AHA Today

AHA Member Spotlight: Paul Vauthier Adams

Julie-Irene Nkodo | Feb 12, 2014

AHA members are involved in all fields of history, with wide-ranging specializations, interests, and areas of employment. To recognize our talented and eclectic membership, AHA Today features a regular AHA Member Spotlight series.       

Member-Spotlight-AdamsPaul Vauthier Adams is a professor emeritus at Shippensburg University. He currently lives in both Pennsylvania and Mindanao, Philippines, and has been a member of the AHA since 1972.

Current school and alma mater/s: PhD, SUNY, Buffalo; professor emeritus, Shippensburg University

Fields of interest: comparative world history, agricultural and demographic themes (mostly western Europe and Southeast Asia)

When did you first develop an interest in history?

In the 6th grade, during elementary school.

What projects are you working on currently?

Two books: Born Global, Global Still: The Philippines in World History and History before History (i.e. global history before c. 3000 BCE).

Have your interests changed since graduate school? If so, how?

From western Europe, I went global in teaching and research. I developed a second field in Southeast Asia.

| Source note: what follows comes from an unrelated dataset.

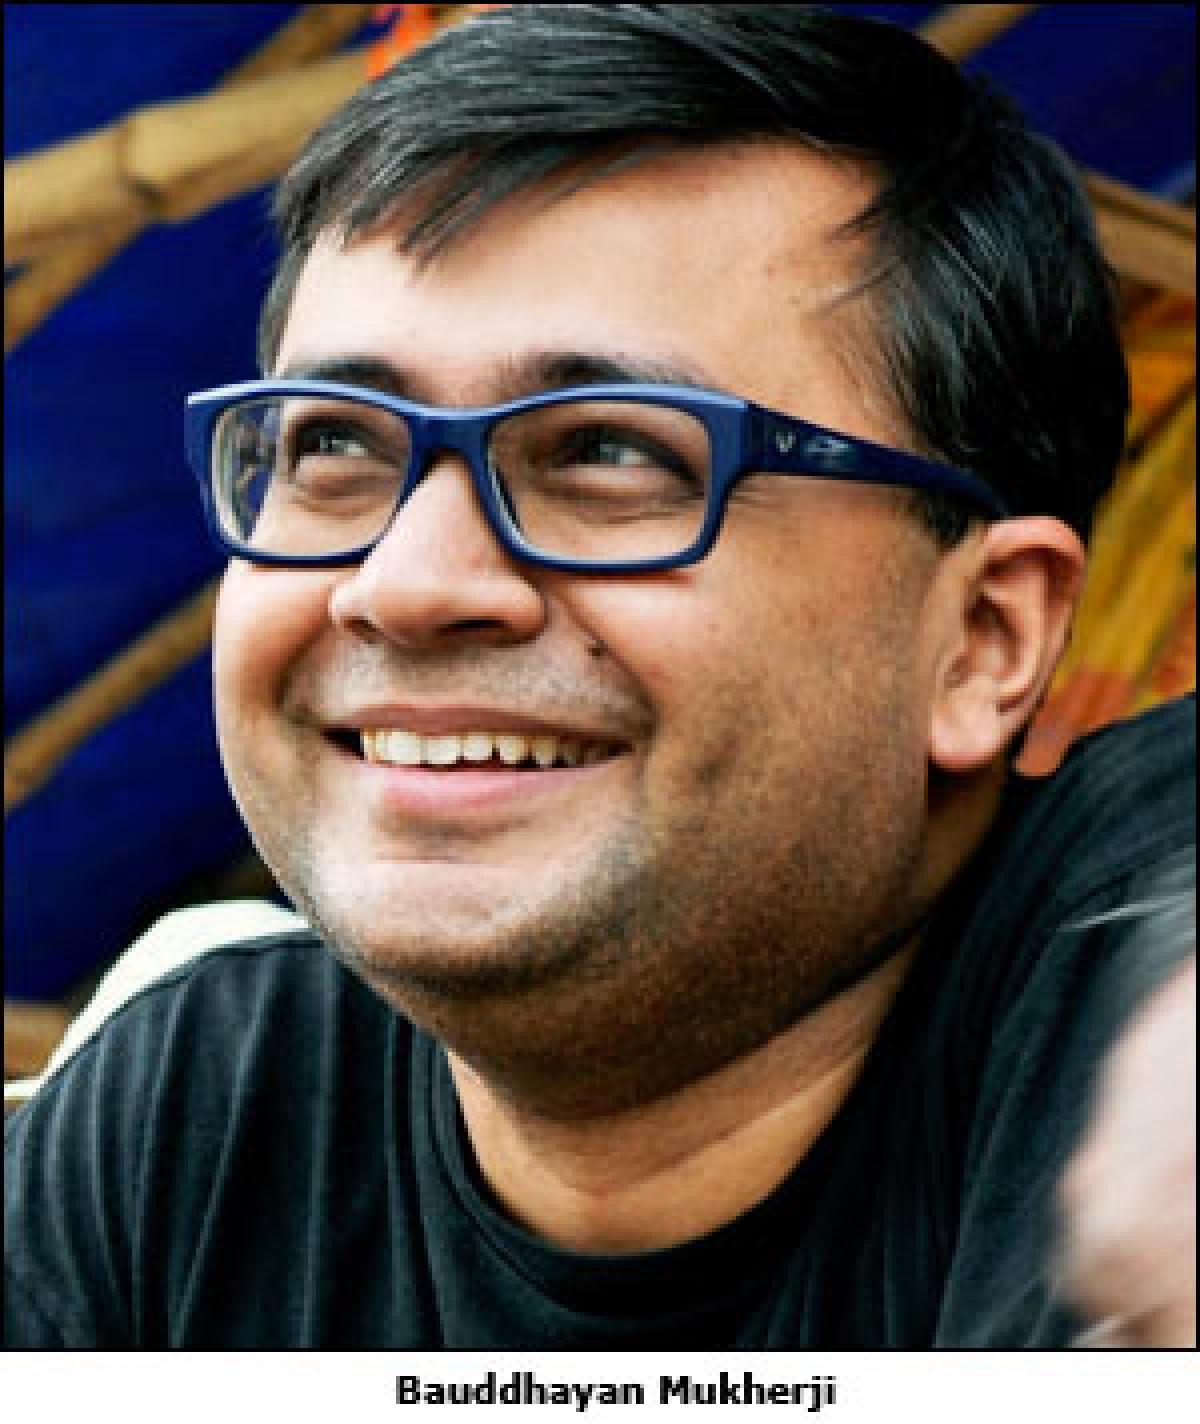 Ogilvy's betting on a Filaria-free India

Is there an article, book, movie, blog etc. that you could recommend to fellow AHA members?

James C. Scott, The Art of Not Being Governed: An Anarchist History of Upland Southeast Asia (New Haven, CT: Yale University Press, 2009).

What do you value most about the history profession?

A shared appreciation of good teaching and good writing.

Do you have a favorite AHA annual meeting anecdote you would like to share?

At the 1976 meeting I found Eugen Weber’s book, Peasants into Frenchmen, and was so taken by it that I telephoned him, at the meeting, and he graciously met me to talk about it over coffee.

Other than history, what are you passionate about?  

Farming, carpentry, raising children, social and environmental issues.

Any final thoughts?

Great profession, wish I had written more while teaching.

This post first appeared on AHA Today.